Reputation:
Maybe
expresses computations that might not produce a result due to an error. Therefore such computations must be short circuited.
Now Maybe
's Semigroup/Monoid instances seem to break with this semantics, because the former is biased towards Just
and the latter treats the error case Nothing
as its empty element:
Just "foo" <> Nothing -- Just "foo"
Nothing <> Just "bar" -- Just "bar"
Just "foo" <> Just "bar" -- Just "foobar"
Nothing <> Nothing -- Nothing
I would expect Nothing
for the first two cases.
Here is the alternative implementation (hopefully it is correct/lawful):
instance Semigroup a => Semigroup (Maybe a) where
Nothing <> _ = Nothing
_ <> Nothing = Nothing
Just a <> Just b = Just (a <> b)
instance Monoid a => Monoid (Maybe a) where
mempty = Just mempty
I don't want to say that these alternative instances are better. But they seem useful too. So why was a selection made in the first place instead of leaving the implementation to the user?
Upvotes: 7
Views: 1245
Reputation: 120711
I think the idea behind this is that Maybe
is supposed to have the semantics that are actually only properly expressed by Option
: it takes any semigroup and makes a monoid out of it, by adding Nothing
as an ad-hoc “free mempty”. I.e. actually the instances should be
instance Semigroup a => Semigroup (Maybe a) where
Nothing <> a = a
a <> Nothing = a
Just x <> Just y = Just $ x <> y
instance Semigroup a => Monoid (Maybe a) where
mappend = (<>)
mempty = Nothing
This is analogous to how []
gives the free monoid over any type, by adding both mempty
and <>
.
Of course, this requires that the Semigroup
class is in base
, which it wasn't until recently.
Corollary to this is that mempty
becomes clearly pattern-matchable, because by parametricity it cannot depend on the contained type.

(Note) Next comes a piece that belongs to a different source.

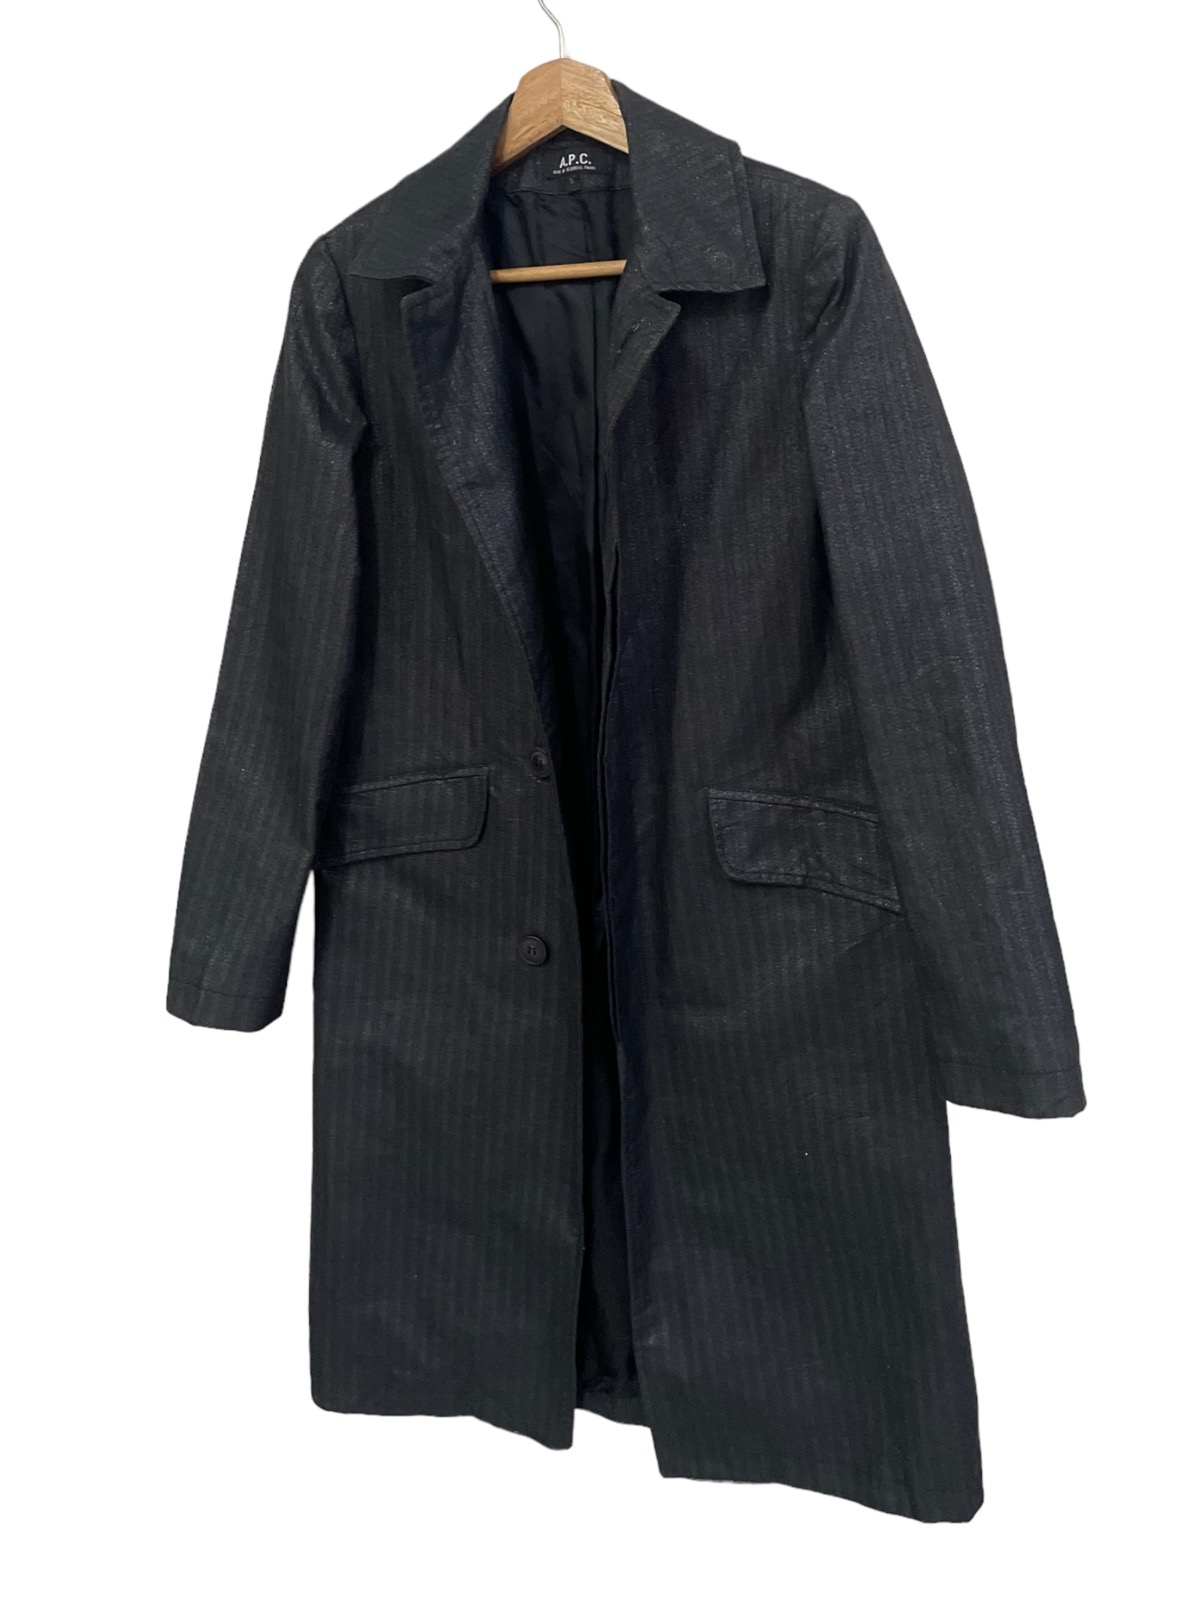 💥 Glitter Black APC Button Long Jacket - 3

Practically speaking, this instance is arguably more useful then the one you propose, because as Luke remarked that is already covered by the Applicative
instance so you can easily write liftA2 (<>)
and pure mempty
. Granted, the standard instance is also already covered by the Alternative
instance, but Alternative/MonadPlus
have always been considered as a bit hackish, inferior to the more mathematically impeccable Semigroup
, Monoid
, Functor
and Applicative
.
Upvotes: 3
Reputation: 60463
Your instance is actually a special case of a much more general instance for applicative functors.
newtype LiftA f a = LiftA { getLiftA :: f a }
instance (Applicative f, Semigroup a) => Semigroup (LiftA f a) where
LiftA x <> LiftA y = LiftA $ liftA2 (<>) x y
instance (Applicative f, Monoid a) => Monoid (LiftA f a) where
mempty = LiftA $ pure mempty
Which I assumed would be in the standard library somewhere (under a different name probably) but I couldn't find it. But the existence of this general instance could be one reason to choose the library version of Maybe
, which is more of Maybe
's special power. On the other hand, it's quite nice when your algebraic structures are all coherent with each other; i.e. when a type is an Applicative
, use the "LiftA
"-style instance whenever possible (on all F-algebra classes).

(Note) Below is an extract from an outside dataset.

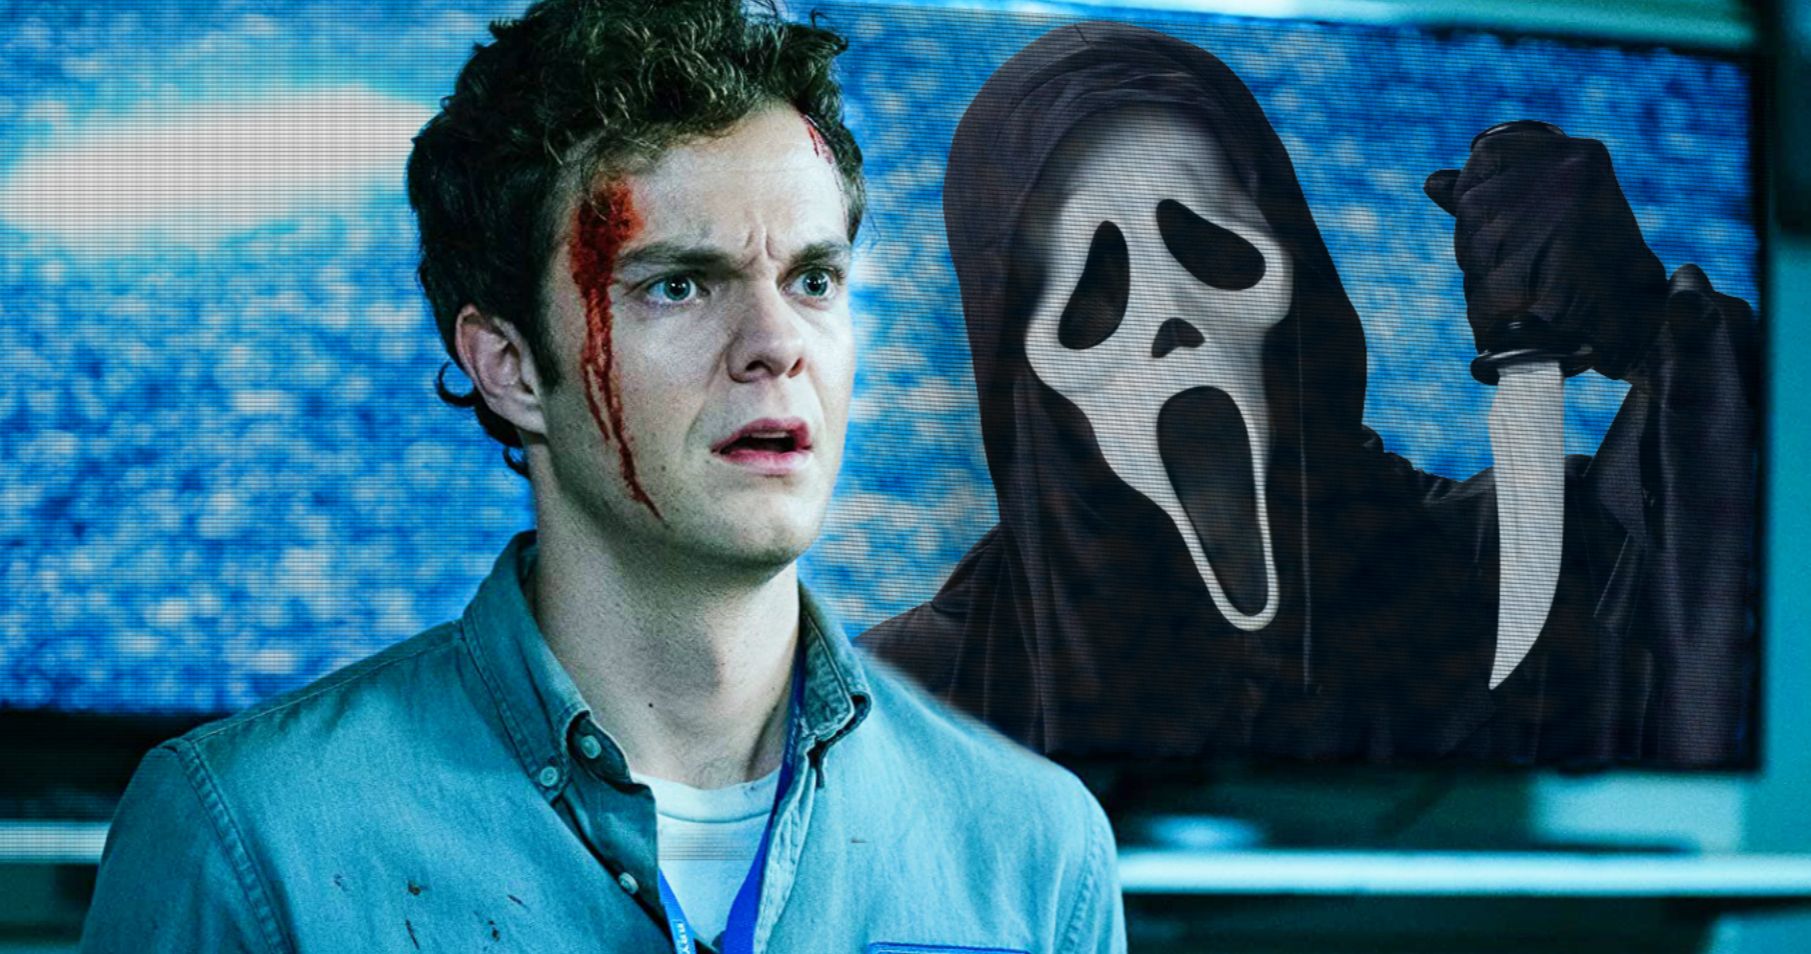 Scream 5 Brings in The Boys Star Jack Quaid

On the third hand (!), we can't have coherence everywhere, since the library instance agrees with Maybe
's MonadPlus
instance. This is strikingly parallel to the fact that there are two monoids on natural numbers: addition and multiplication. For numbers, we just picked not to have any monoid instance because it's unclear which to use.
In conclusion, I don't know. But maybe this information was helpful.